Вельв не мог сдержать тревоги, вглядываясь в загадочные извивы пространства.
Лишь только тисмесс, создание, вызвавшее спираль, знало, что сейчас, в эти последние мгновения, требуется отвага. И оно отважно ждало неизбежного. Эти трое — других не осталось — были вершиной неисчислимых триллионов эонов, и они устали.
Тяжесть нависала над ними гнетущей гроздью.
— Чего здесь бояться? — спросил тисмесс, резче, чем собирался. «Воплощайся, — подумал он, — скорее».
— Чего здесь бояться?
Вельв, раздосадованный грубым тоном, попытался стряхнуть ощущение резкости, заскулил и повернулся к великой спирали, затуманив рецепторы из-за сгустившегося сияния.

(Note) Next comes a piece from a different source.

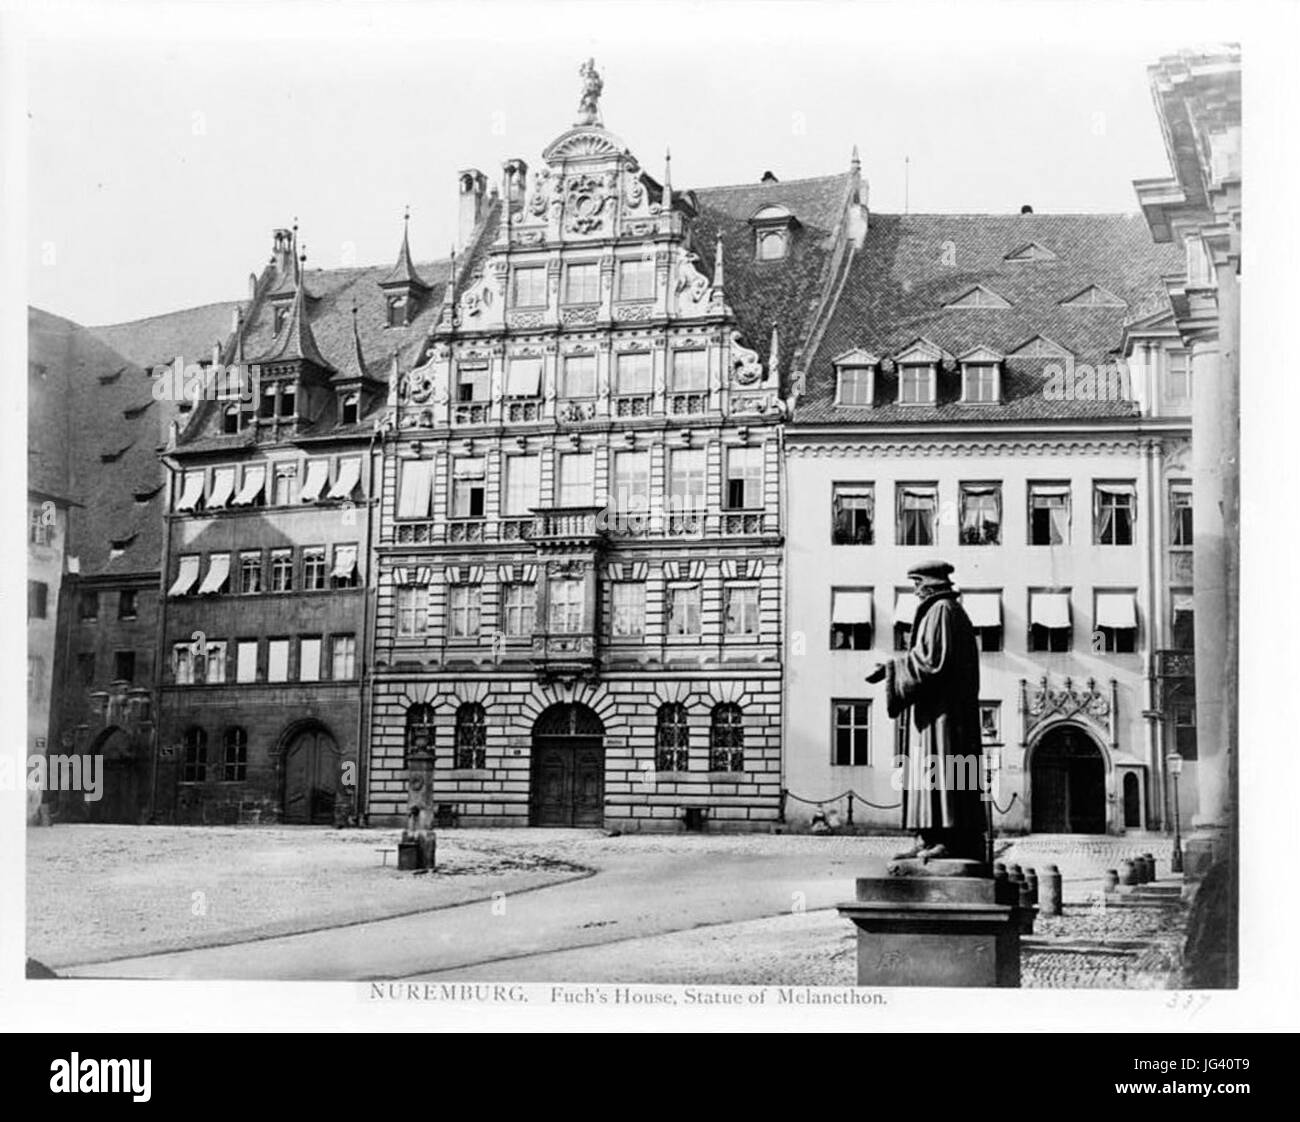 Nürnberg Pellerhaus 001 Stock Photo

Пик тревоги был пройден и забыт давным-давно.
— Я — последний, — сказал он.
«Как и все мы, — подумала острен. — Все мы, каждый из нас, и ты, и ты, мы, каждый из нас, завершаем линии. Вне времени, навсегда, последние. Но почему ты напуган?»
— Потому что… это конец. Ответ, наконец, дан. Больше не будет… не будет меня, не будет тебя, не будет ничего живого. Разве тебя это не ужасает?
«Да, — подумала острен. — Да. Ты прав».
Тисмесс молчал.
Великая спираль уплотнилась, ее цвета остановили бег, и последние трое глядели, как могли только они, смотрели в будущее, поскольку прошлое и настоящее закончились. Смотрели, тщась увидеть, что поглотит их, когда они испарятся, исчезнут, как их предки, исчезнут навсегда, не оставив ни пылинки, ни даже воспоминаний. И они увидели, последние трое, предельно совершенные существа, они увидели грядущее.
— О, как же хорошо, — прошептал вельв, и его плоть окрасилась в прекрасный золотой цвет. — Как замечательно. И я уже не боюсь… уже нет.
Острен издал звук, который можно услышать от совсем маленьких детей, которые узнают наконец, что это за ферма, куда увозят больных щенков. Но и в острене не было страха.
Тисмессу надвигающийся конец внезапно открыл грядущее.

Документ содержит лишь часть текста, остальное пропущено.